No. 2 – Seattle Seahawks
- Position: Quarterback
- Roster status: Active

Personal information
- Born: November 10, 1996 (age 29) Columbia, Missouri, U.S.
- Listed height: 6 ft 4 in (1.93 m)
- Listed weight: 228 lb (103 kg)

Career information
- High school: Lee's Summit (Lee's Summit, Missouri)
- College: Missouri (2015–2018)
- NFL draft: 2019: 2nd round, 42nd overall pick

Career history
- Denver Broncos (2019–2021); Seattle Seahawks (2022–2023); New York Giants (2024); Seattle Seahawks (2025–present);

Awards and highlights
- Super Bowl champion (LX); NCAA passing touchdowns leader (2017); First-team All-SEC (2017); Second-team All-SEC (2018);

Career NFL statistics as of Week 2, 2026
- Passing attempts: 1,018
- Passing completions: 613
- Completion percentage: 60.2%
- TD–INT: 38–28
- Passing yards: 6,791
- Passer rating: 81
- Rushing yards: 440
- Rushing touchdowns: 7
- Stats at Pro Football Reference

= Drew Lock =

American football player (born 1996)

Paul Andrew Lock (born November 10, 1996) is an American professional football quarterback for the Seattle Seahawks of the National Football League (NFL). He played college football for the Missouri Tigers and was selected by the Denver Broncos in the second round of the 2019 NFL draft. Lock has also played for the New York Giants. He was the backup quarterback for the Seahawks in their Super Bowl LX victory.

==Early life==
Born in Columbia, Missouri, Lock attended Lee's Summit High School in Lee's Summit, a suburb southeast of Kansas City. As a junior in 2013, he passed for 3,060 yards and 35 touchdowns; as a senior, he was the Kansas City Star's All-Metro Player of the Year with 2,731 yards passing and 28 touchdowns. Lock was rated by Rivals as a four-star recruit and was ranked as the sixth-best pro-style quarterback in the 2015 class. He committed to the University of Missouri to play college football for the Tigers. A two-star basketball prospect as a shooting guard, Lock retired from basketball after high school.
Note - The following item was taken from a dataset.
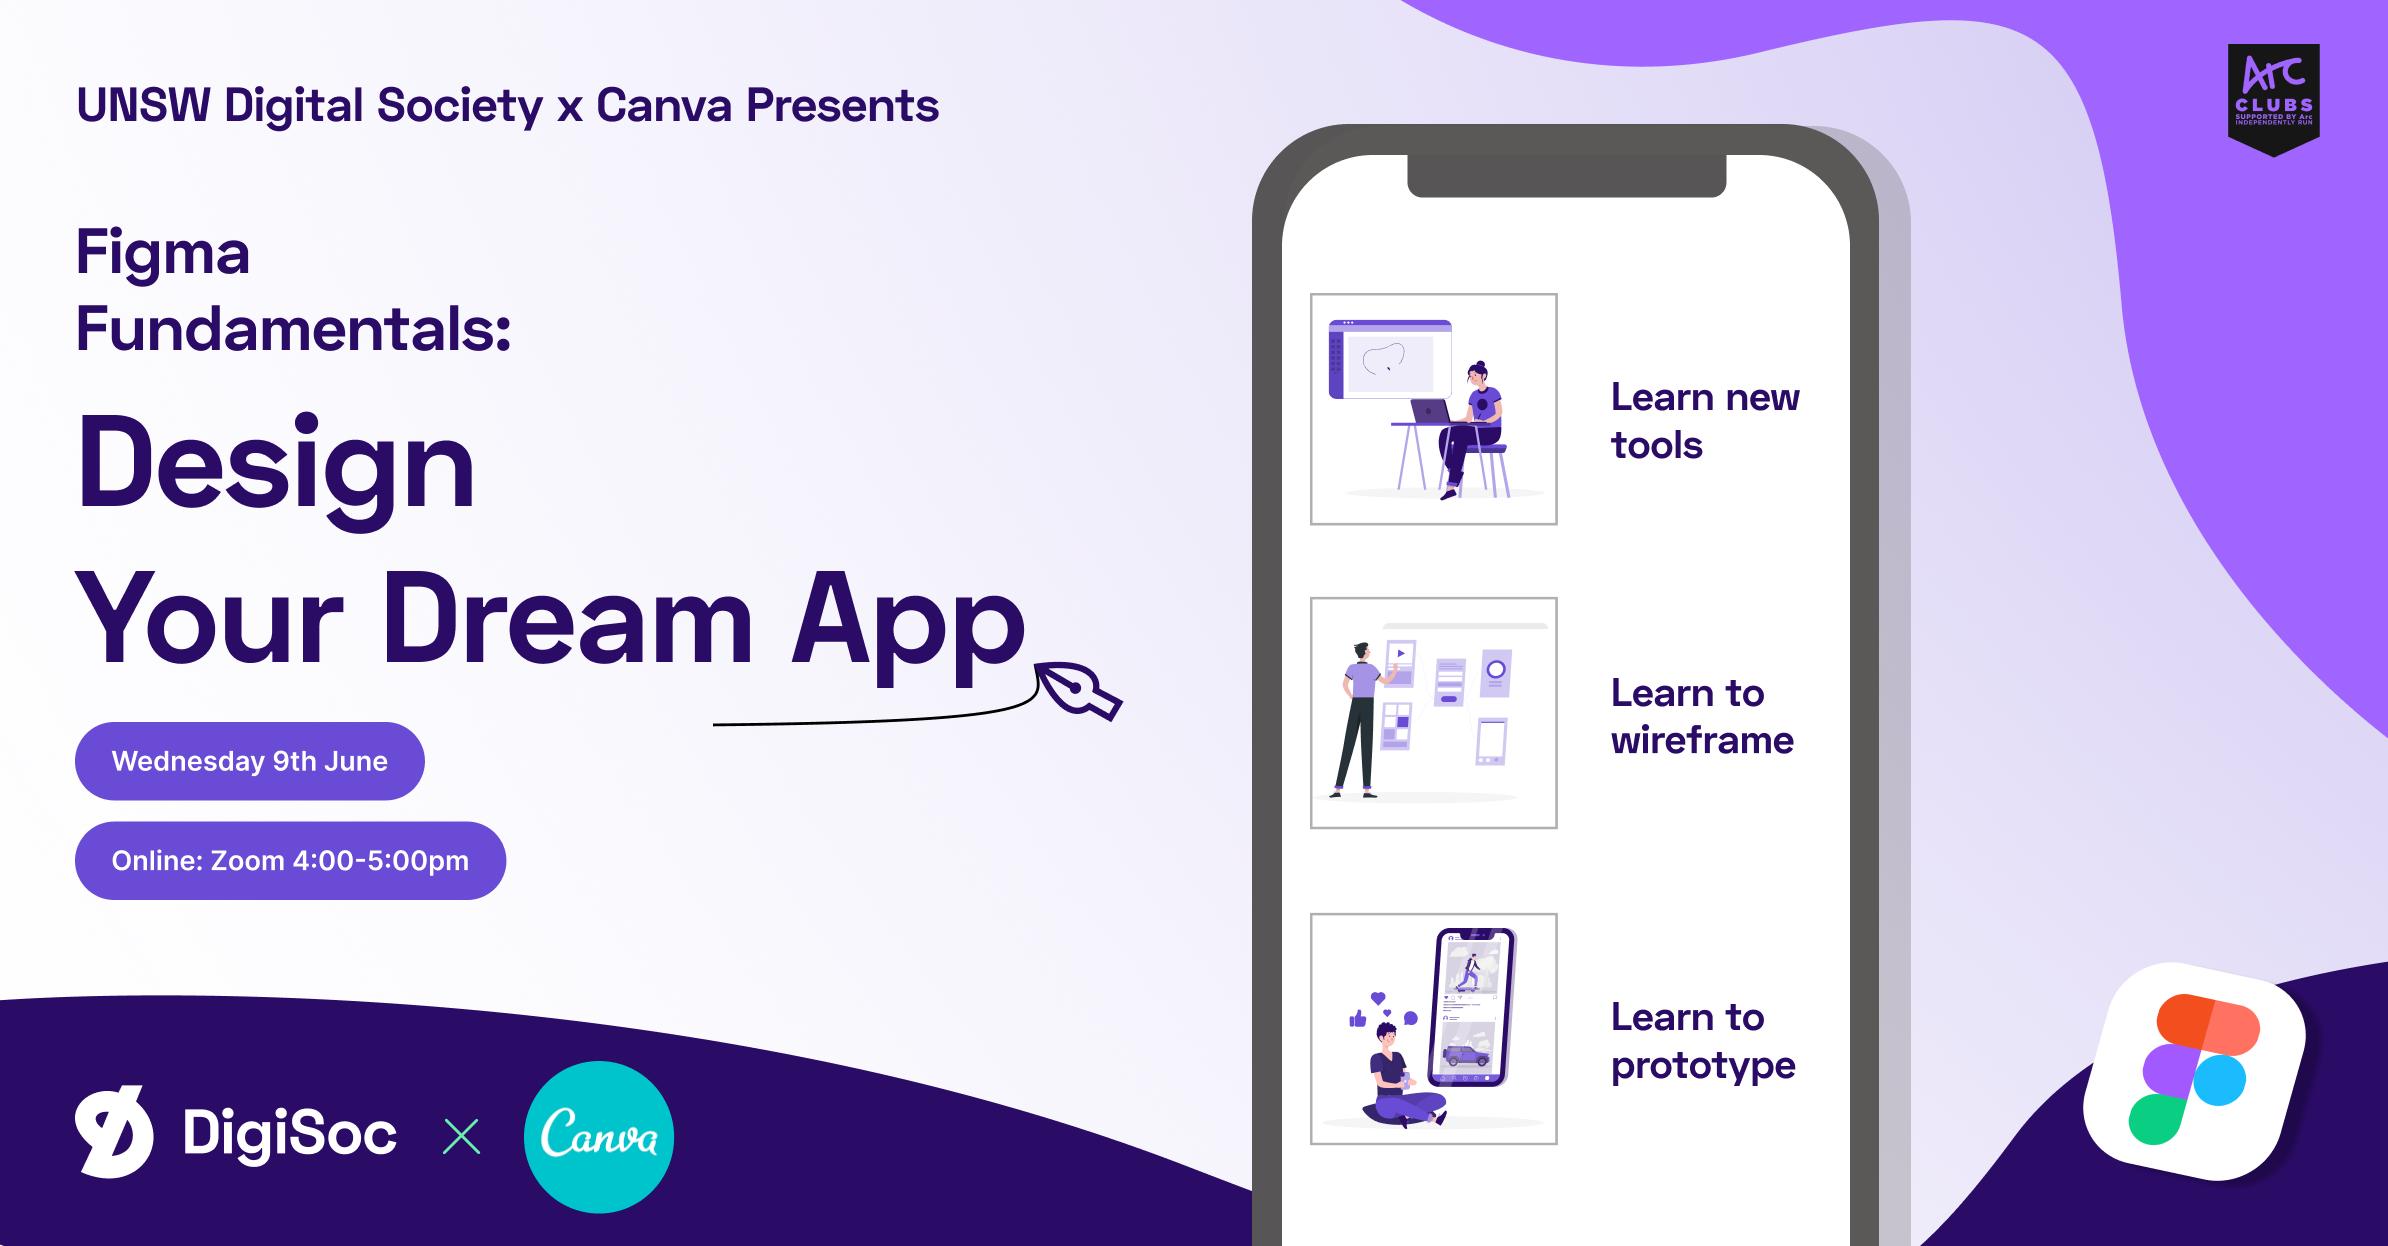 DigiSoc x Canva Presents: Design Your Dream App

He grew up a fan of the Kansas City Chiefs.
==College career==
Lock began his collegiate career by going 6-for-10 for 138 yards and a touchdown in the 2015 season-opener against Southeast Missouri State while coming off the bench for two series. He took over as Mizzou's starting quarterback over the final eight games of 2015. During a 24–10 victory over South Carolina, Lock became the school's first true freshman to start at quarterback since Corby Jones in 1995, going 21-for-28 for 136 yards and a pair of touchdowns. Against BYU at Arrowhead Stadium, Lock was 19-of-28 for a career-best 244 yards and a touchdown while also setting career highs in both passer rating and passing yards while posting his second-best completion percentage of the season. Lock finished the season completing 129-of-263 passes for 1,332 yards, four touchdowns, and eight interceptions to go along with a rushing touchdown.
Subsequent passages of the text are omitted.